The primary responsibility of the Supervise Pharmacist (Pharmacist in Charge) is to ensure adherence to facility SOP’s and procedures, adherence to state and federal regulations, and directly supervise pharmacists. The Supervise Pharmacist will work directly with Aseptic Operations Director/Manager to ensure production goals are achieved, assist with investigations, assist in daily operational pharmacy duties, monitor training and work with training/compliance team to ensure all training is up to date.

Under indirect supervision, oversees all aspects of the pharmacy operations. To assure that all services comply with professional standards and applicable laws. Exercises broad judgment in professional field requiring extensive subject matter knowledge and expertise, while keeping senior leadership fully informed of operating issues and results.

Role Responsibilities:

• Responsible for the execution of opening and closing activities; either directly, or through delegation to a staff pharmacist. Ensures that strict procedures are followed in the facility.
• Represents the facility in all state and federal regulatory audits, visits, and communications.
• Directly supervises staff pharmacists.
• Works with Cleanroom Operations Director/Manager to ensure production goals are created, tracked, and met.

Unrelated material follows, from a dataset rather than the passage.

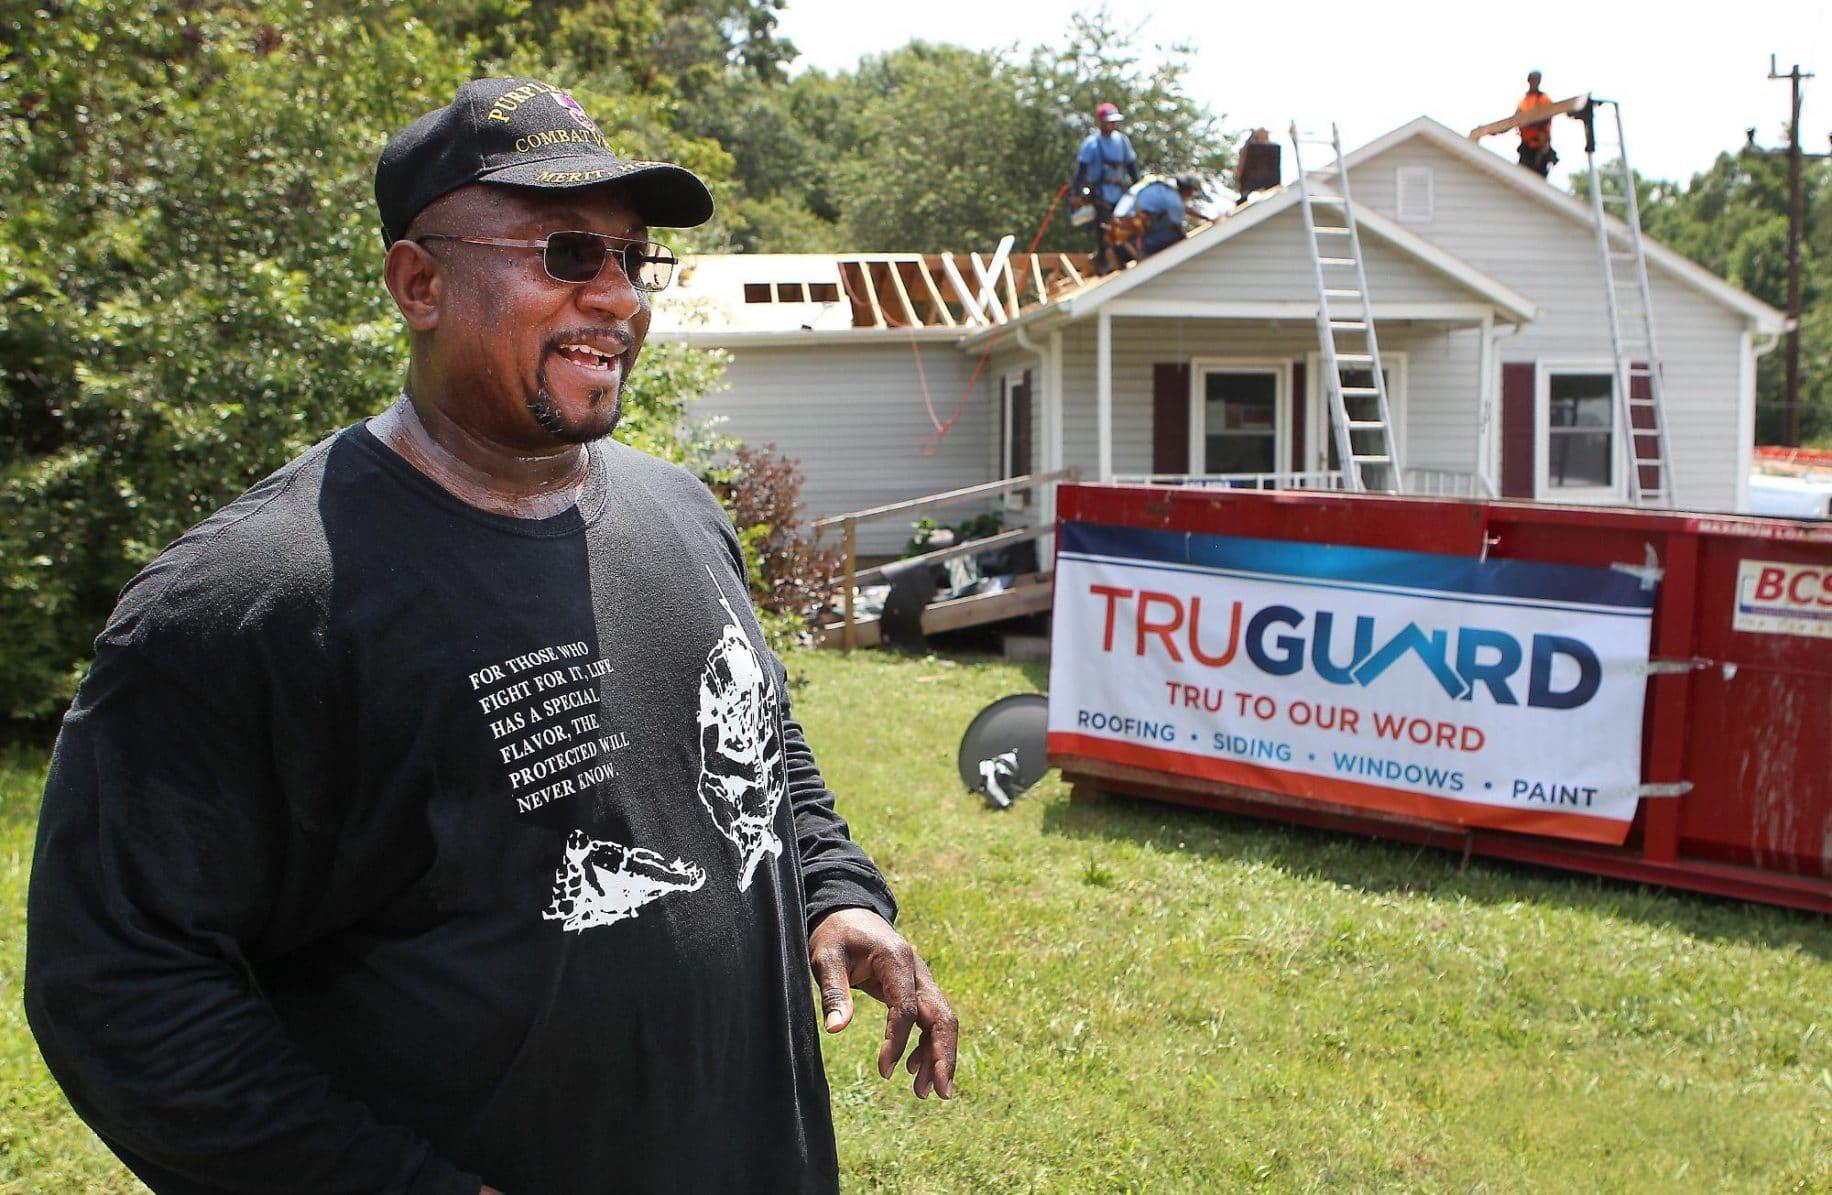 Purple Heart veteran to receive new home

Identifies trends or issues that are delaying batch production or causing batches to be cancelled.
• Writes operational and production SOP’s.
• Liaisons with the quality department.
• Ensures compliance with all state and federal regulatory agencies.
• Assists in documentation and completion of Adverse Drug Event forms.
• Answers clinical questions from health professionals and provides product information.
• Supports order verification within computer order processing queues to ensure facility and product accuracy.
• Reviews all batch records and associated documentation verification.
• Ensures safe work environments, enforces operational discipline, and monitors aseptic behaviors.
• Efficiently utilizes tools and metrics (KPI’s) to monitor staff productivity, deliverables, timelines, and quality of work product to adjust staffing levels and operational processes as needed to ensure operational effectiveness.

Profile/Experiences:

• Understands the importance/impact of cGMP standards.
• Maintains California Pharmacist License. 
• Obtains licensure in other states which may be required to fulfill state specific regulatory obligations.
• Has strong analytical abilities coupled with creative problem-solving skills.
• Able to respond to common inquiries or complaints from customers, regulatory agencies, or members of the business community.
• Able to establish robust processes, develop performance standards, track performance through fact driven exercises, and implement solutions to drive continuous process improvements.
• Demonstrates skills to solve complex problems in a wide variety of high-pressure situations which require a high degree of ingenuity, creativity, and innovativeness.
• In situations where precedent may not exist, is able to independently exercise judgment, determine appropriate solutions and take action.
• Shows a history of mentoring and promoting the professional growth of healthcare colleagues.
• Accrued at least 10 years of pharmacy experience and a good understanding of quality and compliance requirements pertaining to cGMP and 21 CFR 210 & 211. 
• Prefer experience with a manufacturing environment specifically 503B Outsourcing Facility.  
• Previous experience operating under FDA cGMP with a robust understanding of the principles and applications associated with manufacturing operations.
• Experience interpreting compliance requirements and regulations is required.
• Knowledge of DEA, FDA and state regulations pertaining to manufacturing and handling of controlled substances.